WORK INSTRUCTION:
Pictures stay out; everything else in the listing below is to be restated word for word.
[[ AVAILABLE DATA, beginning ]]
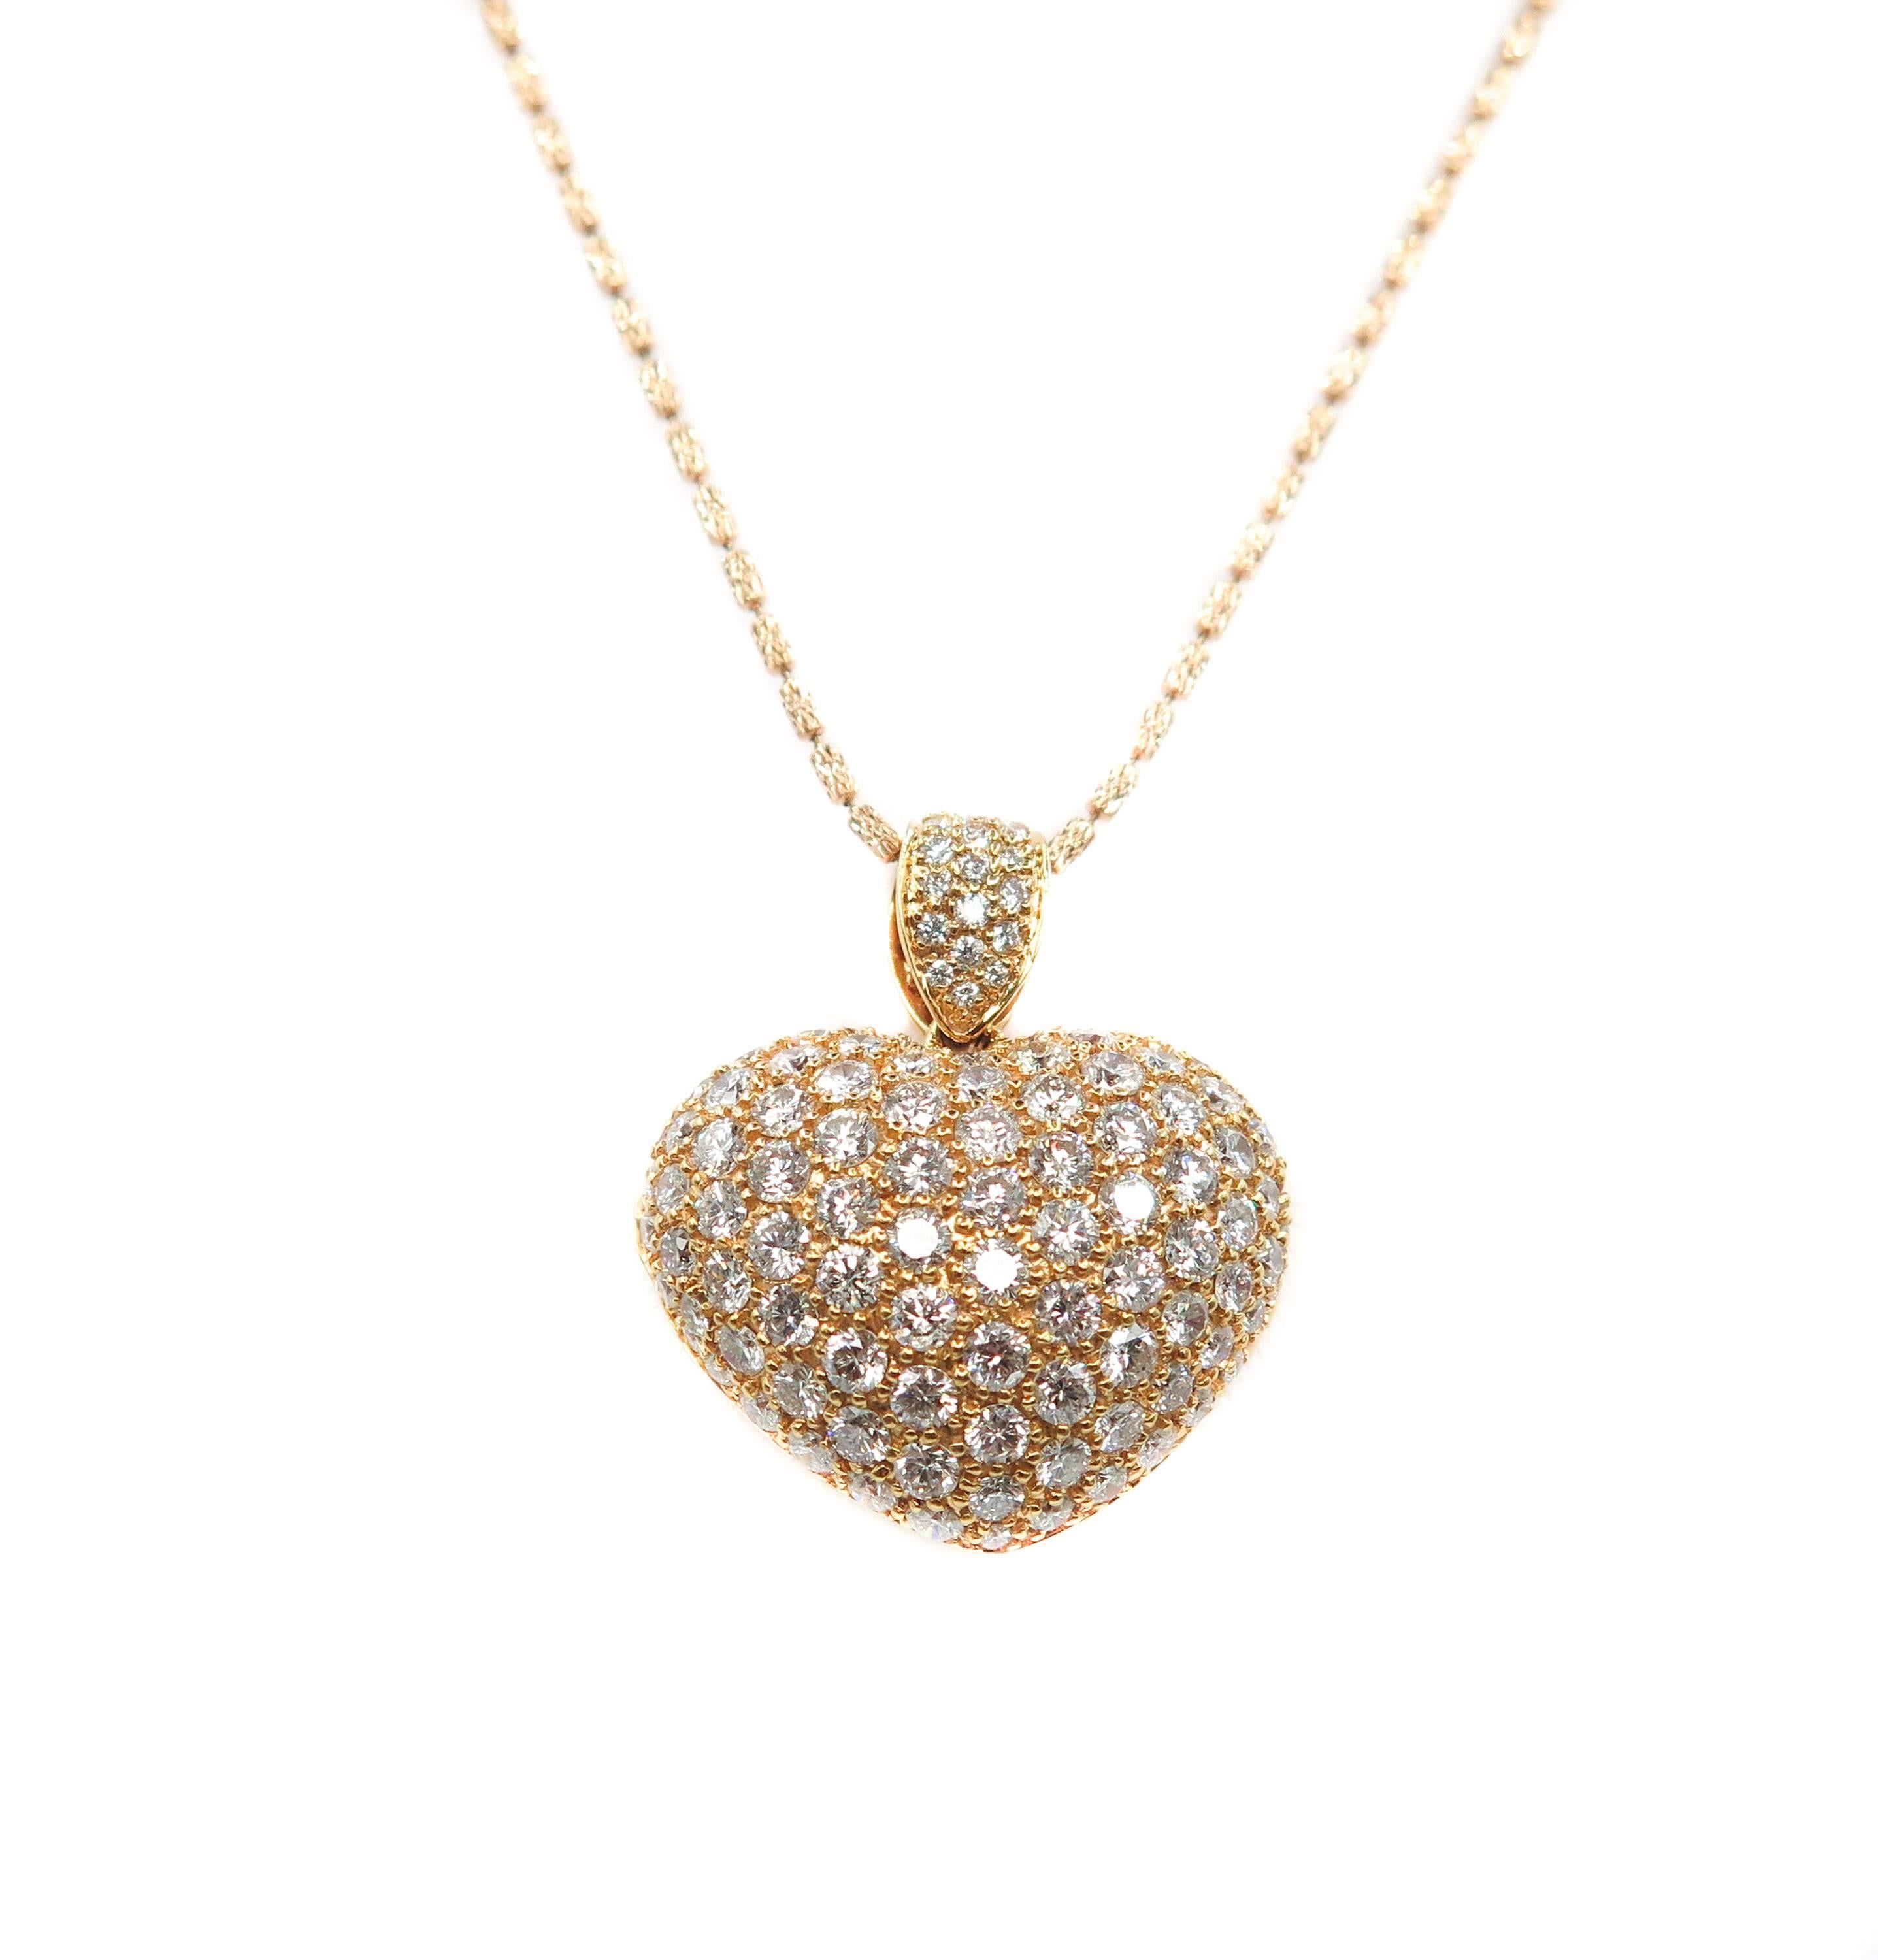 Dating back to the 16th century, Lockets have been a treasured keepsake worn close to the heart as a reminder of special loved ones or occasions.  
The same holds true today making this diamond pave locket the prefect any time gift.  
This estate
[[ AVAILABLE DATA, end ]]
SOLUTION TO THE PROBLEM:
 Dating back to the 16th century, Lockets have been a treasured keepsake worn close to the heart as a reminder of special loved ones or occasions.  
The same holds true today making this diamond pave locket the prefect any time gift.  
This estate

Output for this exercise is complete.